Find Us On Social Media :

Pemenang Olimpiade Matematika di Malaysia itu Anak Penjual Sayur

By Hery Prasetyo, Selasa, 6 Desember 2016 | 21:30 WIB

Pono Marten dan keluarganya.

Membantu jualan sayur

Setiap Jumat atau akhir pekan, sekolah memang diliburkan karena mayoritas siswa membantu orangtuanya berjualan sayur. Tak terkecuali Pono yang dengan giat membantu ibunya mengangkut sayur.

Sebelum berangkat sekolah, kegiatan yang dilakukan Pono setiap pagi adalah membantu ibunya berkebun. Menanam bibit kol jadi kesehariannya setiap pagi. Bahkan, setelah Pono pulang sekolah, cangkul menjadi "pengganti pensil" di kebun.

Meski rajin membantu orangtuanya berkebun, Pono tetap menyempatkan diri untuk belajar. Tak jarang, guru CLC Kundasang jadi "sasaran" Pono yang lapar akan ilmu pengetahuan.

Pono datang ke rumah guru dan bisa berjam-jam belajar. Semua hal ditanyakannya kepada sang guru. Pono mengaku tak suka olahraga. Malah, ketika waktu senggang, Pono lebih suka mengutak-atik komputer. Aplikasi editing Photosop menjadi hobi barunya.

"Biasa edit-edit foto, yang ngajar dari UMS KKN. Saya kembangkan melalui Google dan tutorial," ujar Pono.

Orangtua menjadi motivasi Pono untuk terus belajar. Pono terus mengingat pesan kedua orangtuanya untuk bekerja keras agar mengubah kehidupan keluarganya.

"Mereka (orangtua katakan) enggak mau kami (Pono dan saudaranya) seperti mereka. Mereka bilang harus belajar sungguh-sungguh," ujar Pono.

Pono menyampaikan keinginannya  menjadi seorang juru terbang atau pilot. Alasan Pono sederhana, ingin bertualang untuk mengelilingi dunia.

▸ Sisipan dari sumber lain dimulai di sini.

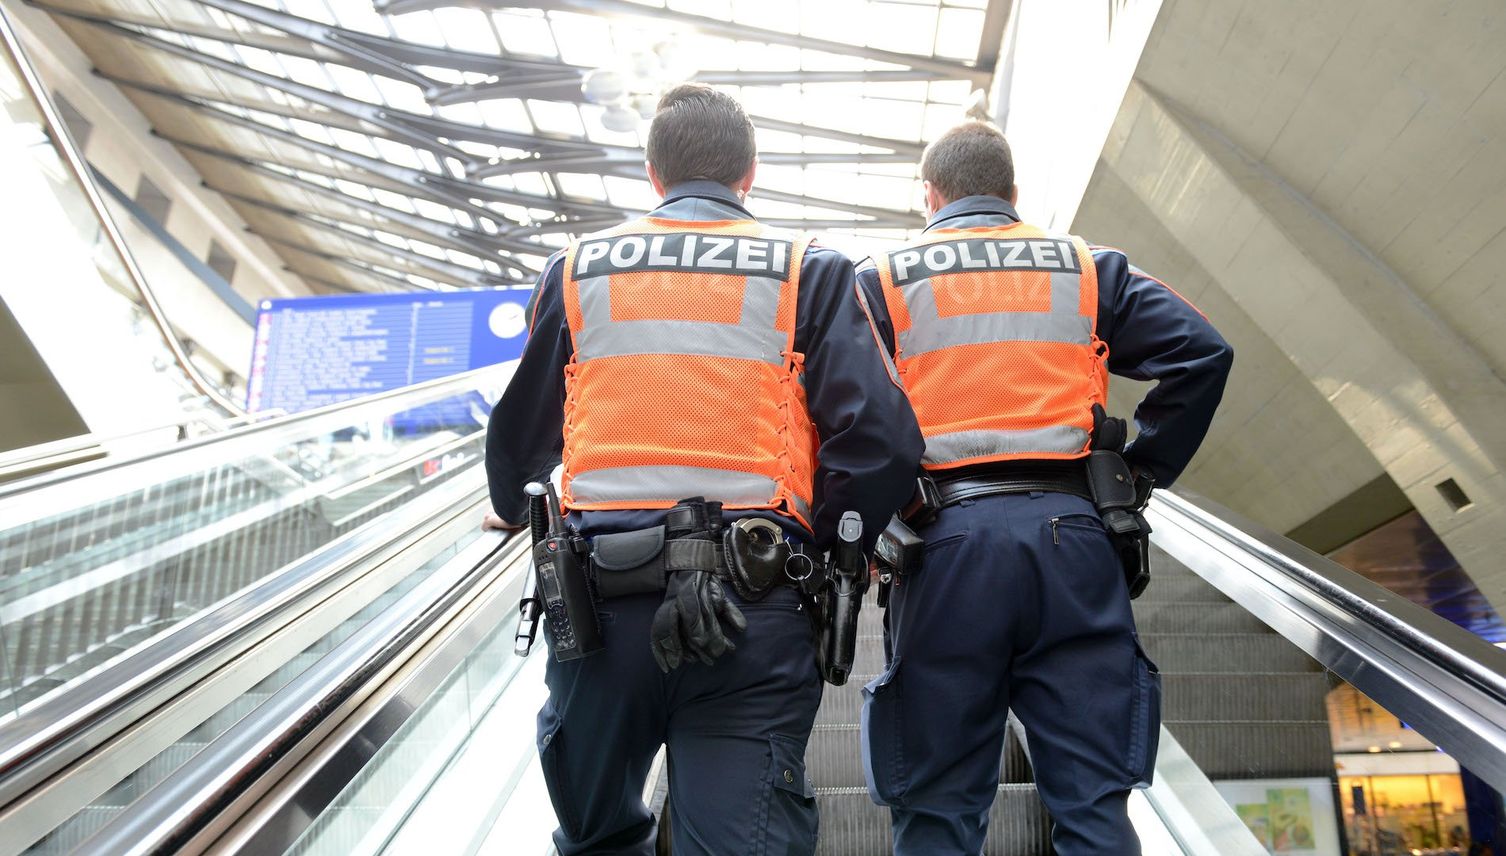 Reussbühl: 19-Jähriger nach Raubüberfall festgenommen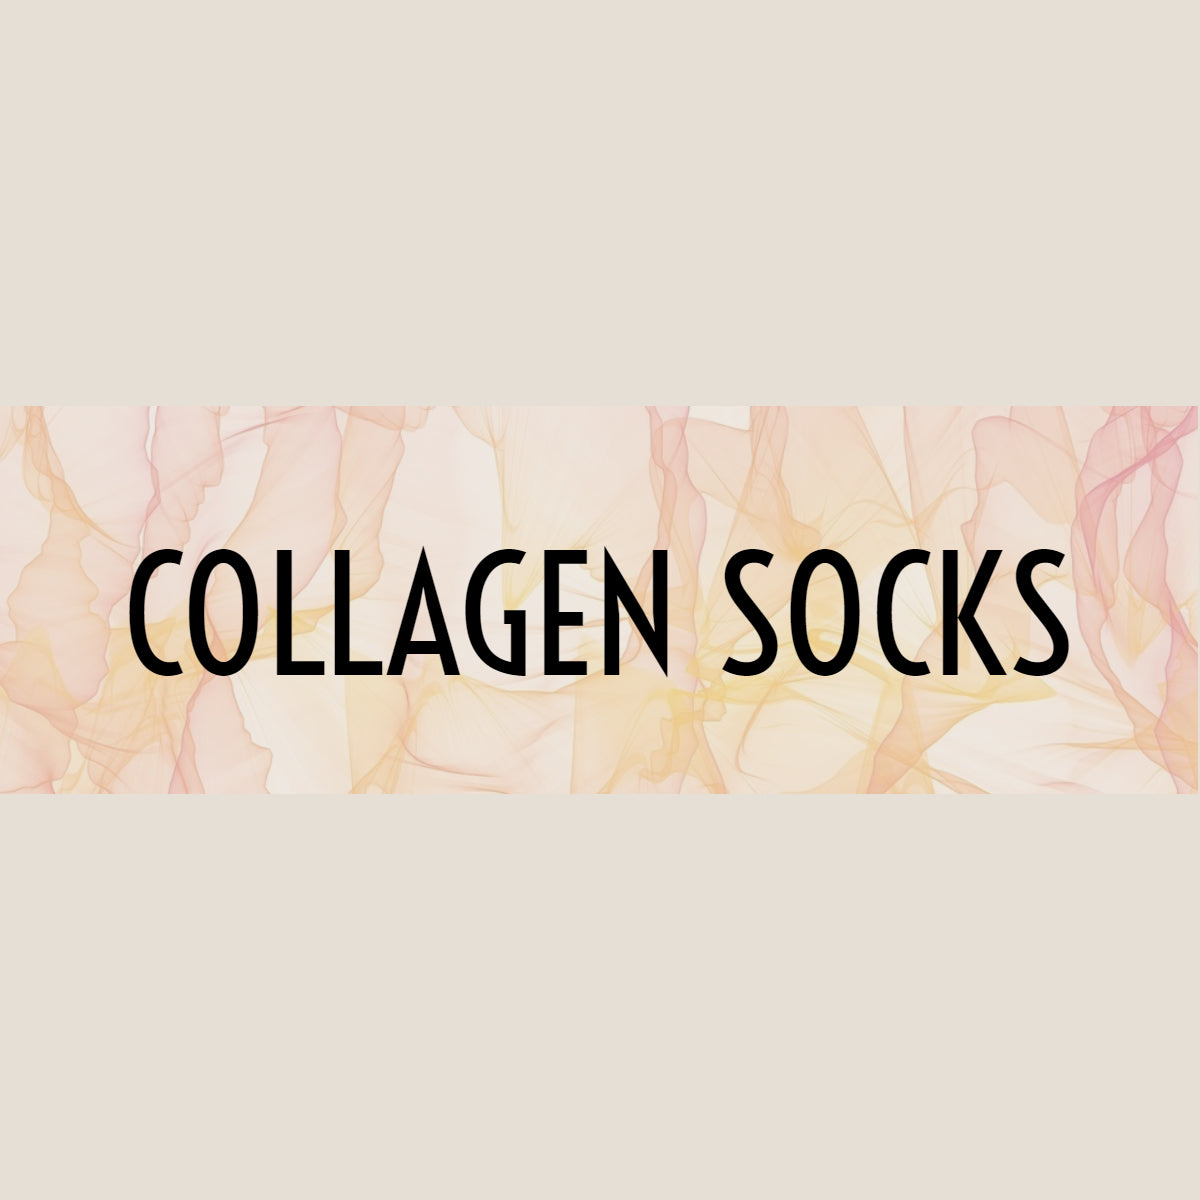 Collagen socks / gloves

Pono baru sekali mengunjungi Indonesia. Di dalam lubuk hati terdalam, Pono ingin kembali pulang ke Tanah Air, ke kampung halamannya.

"Ingin melihat negeri sendiri," kata Pono.

Ibu Pono, Tabita, mengaku bangga ketika Pono menjadi juara Olimpiade Matematika. Tabita mengaku tak bisa memberikan apa-apa, kecuali motivasi agar Pono dan saudara-saudaranya bekerja keras untuk bertahan hidup.

Meski memiliki pendidikan rendah, Tabita tak mau Pono dan saudaranya bernasib sama seperti dirinya. Pono memiliki tujuh saudara. Dua orang telah mengenyam bangku kuliah, sisanya berada di bangku SMK, SMP, SD dan TK. Semua biaya pendidikan ditanggung dengan hasil kebun di ladang.

"Semuanya harus sekolah," ujar Tabita.